Conveyancing is consistently identified by the SRA, the Law Society, and SIF claims data as one of the largest sources of solicitors PI claims by both volume and value. SIF data shows conveyancing accounting for around 74% of post-six-year claims by value and 76% by number since 2000. The structural reasons:

Transaction-volume risk. A typical conveyancing practice processes hundreds of transactions per year, each involving a separate matter, separate documents, and separate decisions. The volume alone produces a wider exposure surface than transactional commercial work.
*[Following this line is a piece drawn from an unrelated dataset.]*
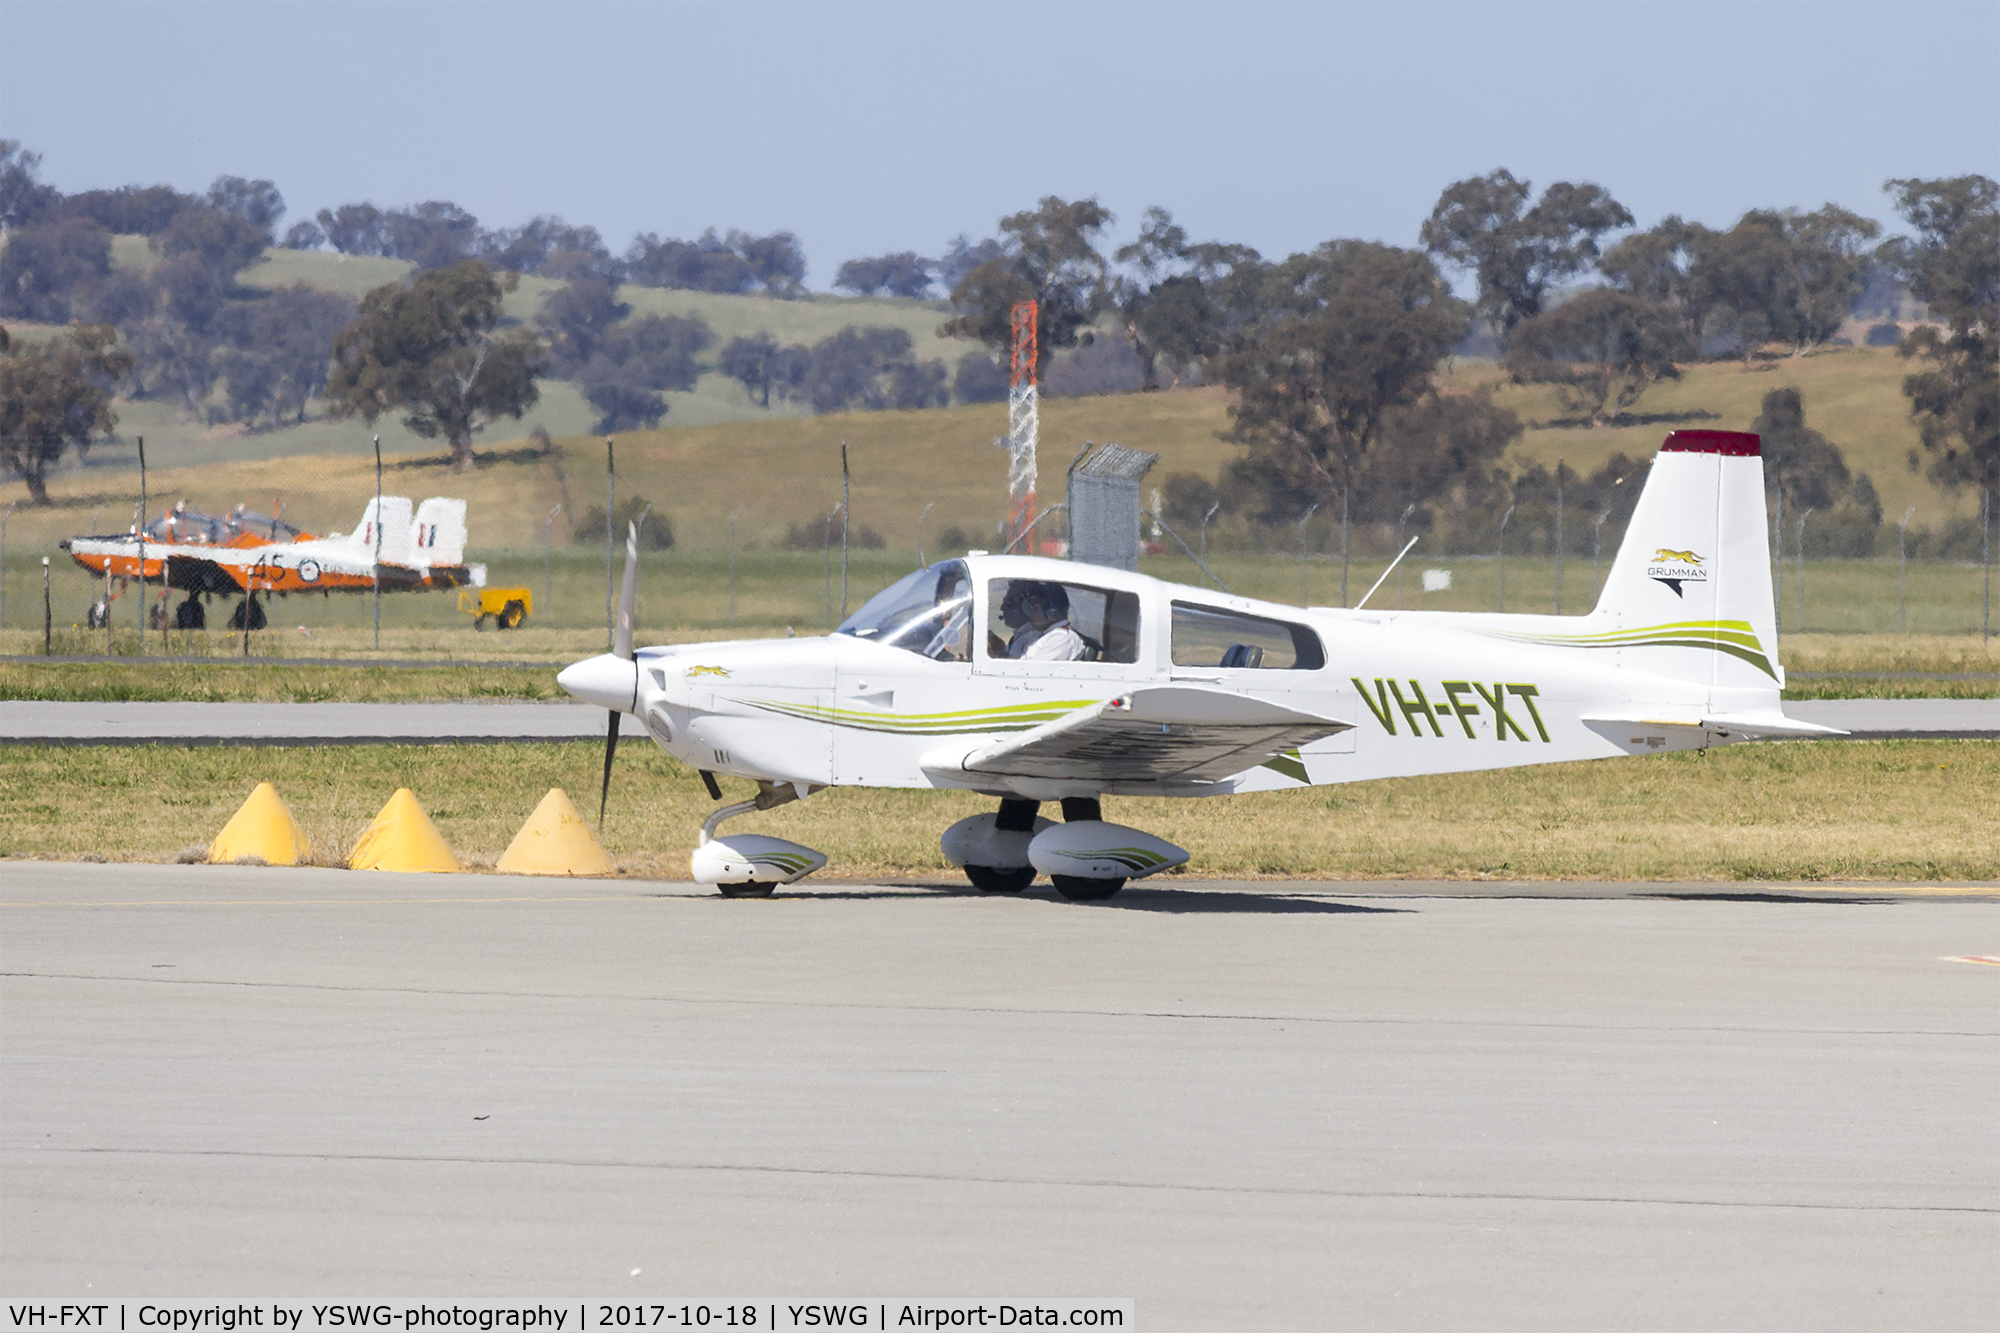 VH-FXT, 1975 American Aircraft Corp AA-5A C/N AA5A-0016, American AA-5A Traveler (VH-FXT) taxiing at Wagga Wagga Airport.

Cyber-enabled and identity fraud exposure. Conveyancing involves moving substantial sums of money. Identity fraud (where a fraudster impersonates a vendor or a buyer) and "Friday afternoon fraud" (where the firm's email is compromised and completion funds are redirected to a fraudulent account) have been persistent sources of severe claims, with the loss potentially equal to the full transaction value.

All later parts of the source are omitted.